During a visit to Yangon, Telenor Group President and CEO Jon Fredrik Baksaas said that Telenor’s Yangon network is currently “not complete enough,” but the ongoing addition of base signal stations would soon bring an end to incomplete coverage and the rationing of SIM cards.
Baksaas said that the Norwegian firm’s biggest challenges were getting access to land to build signal-carrying base stations, sufficient electricity to power their transmitters and the high traffic volume and concentration of usage hotspots that require further expansion.
He cited the difficult logistics of getting access to base stations in Myanmar, saying, “different working conditions than in Nordic countries” exist in the Southeast Asian nation.
Telenor Myanmar CEO Petter Furberg said that on Telenor’s late September launch it had in Yangon 348 operating stations, which presently surpassed 400, but that creating a complete network will require 800 stations.
The telecoms firm is adding 50 to 100 stations per month in Myanmar’s commercial hub, he added.
There has been significant reselling of Telenor SIM cards on the black market for several times their base value, while many shops in Yangon have run out of cards. Cards bought from official resellers cost K1,500 ($1.5), but the low supply has led to them being sold for as much as K5,000.
However, Furberg said customers can recover the same number in case of losing a SIM card if it was bought from authorised sellers with proper paperwork.
He said Telenor was trying to keep its SIM cards from being sold on the black market, but that there was a limit as to how far they could control the situation.

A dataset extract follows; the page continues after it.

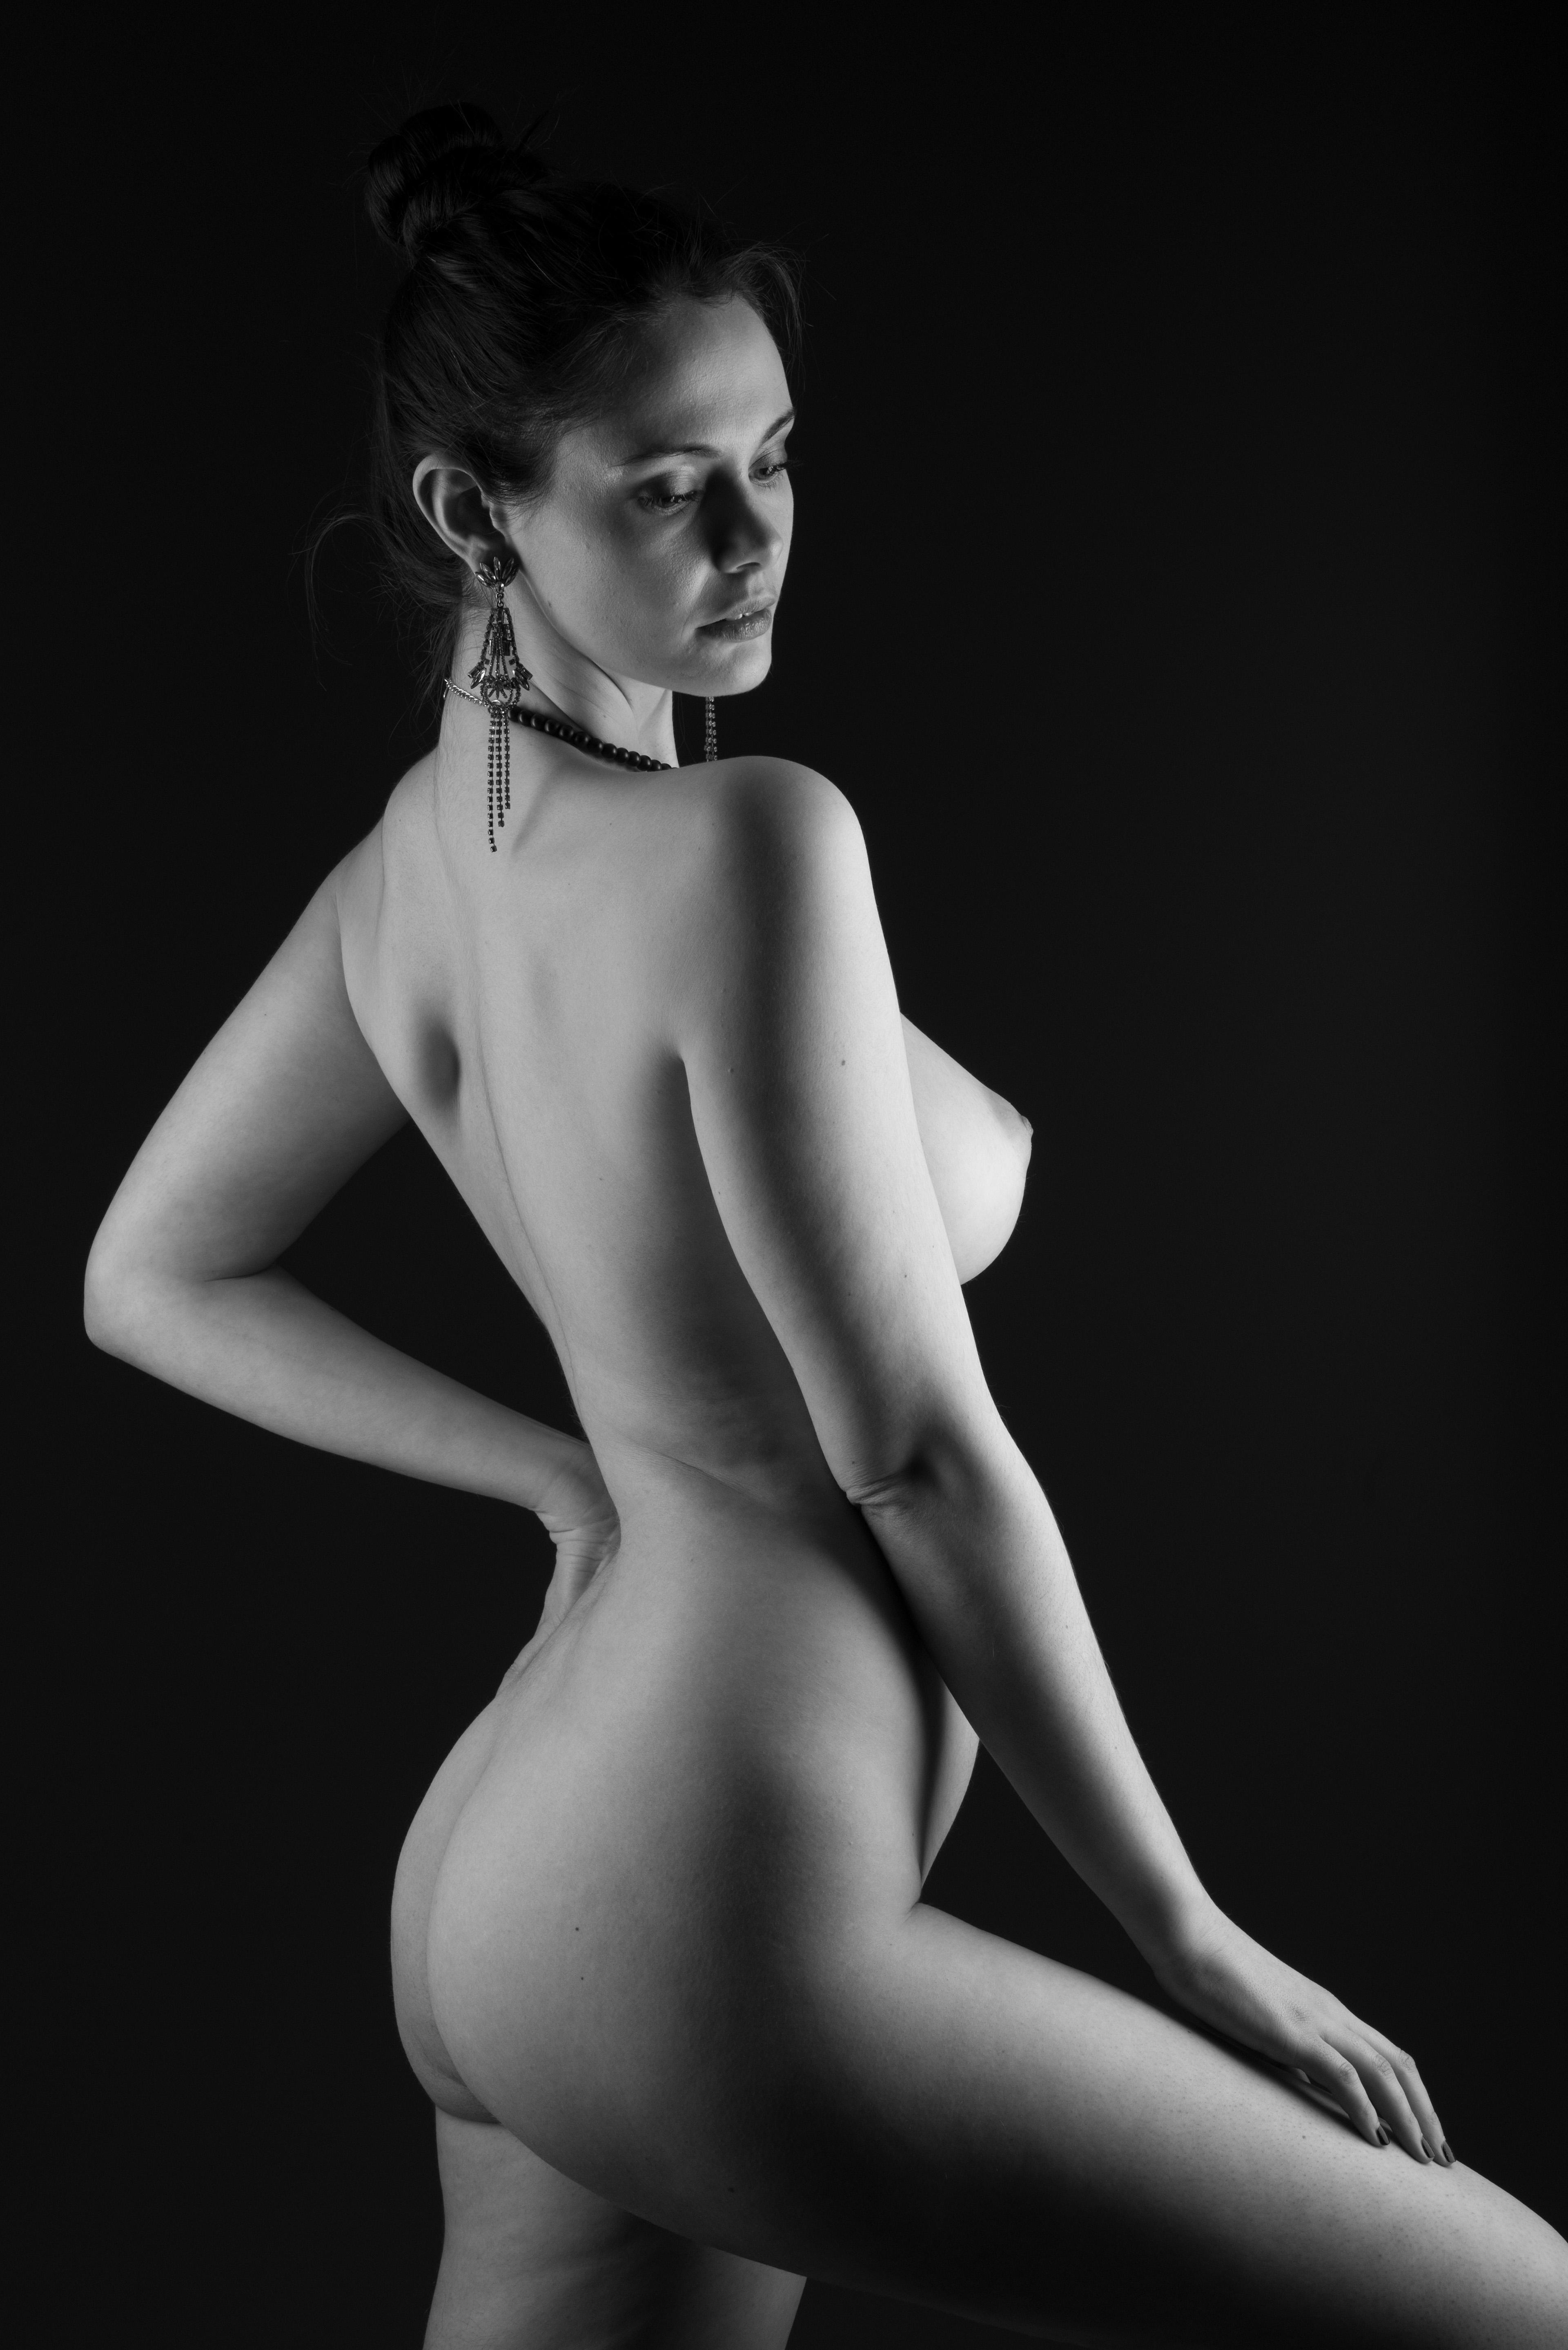 Jennifer aniston naked photo goes up for auction for coronavirus charity

“We are in a bit of a dilemma. When you go to the shops, they will scream ‘we want more SIM cards,’ at the same time we have our customers, and even the group CEO [Baksaas], saying the network isn’t good enough.”
Without giving an exact figure, Furberg said Telenor has sold “more than 2 million” SIM cards in Myanmar until now.
Taxes have also been a point of contention between Telenor and the government. After Myanmar made moves to tax the telecom industry at 5 percent this April, Telenor entered into multiple discussions regarding collections.
According to Furberg, some competitors are not collecting the tax, leading Telenor to redistribute the taxes in the form of top-up bonuses.
With the rise of the private telecom industry, there has also been an overall data crunch in terms of international communications cables, compounded by the issue that foreign content providers have yet to locate data centres inside Myanmar.
Currently, Telenor leases capacity from MPT on two cables – one to China and one to Thailand – but the telecoms firm is in the process of constructing its own cable into Thailand to ease reliance on its competitor, Furberg said.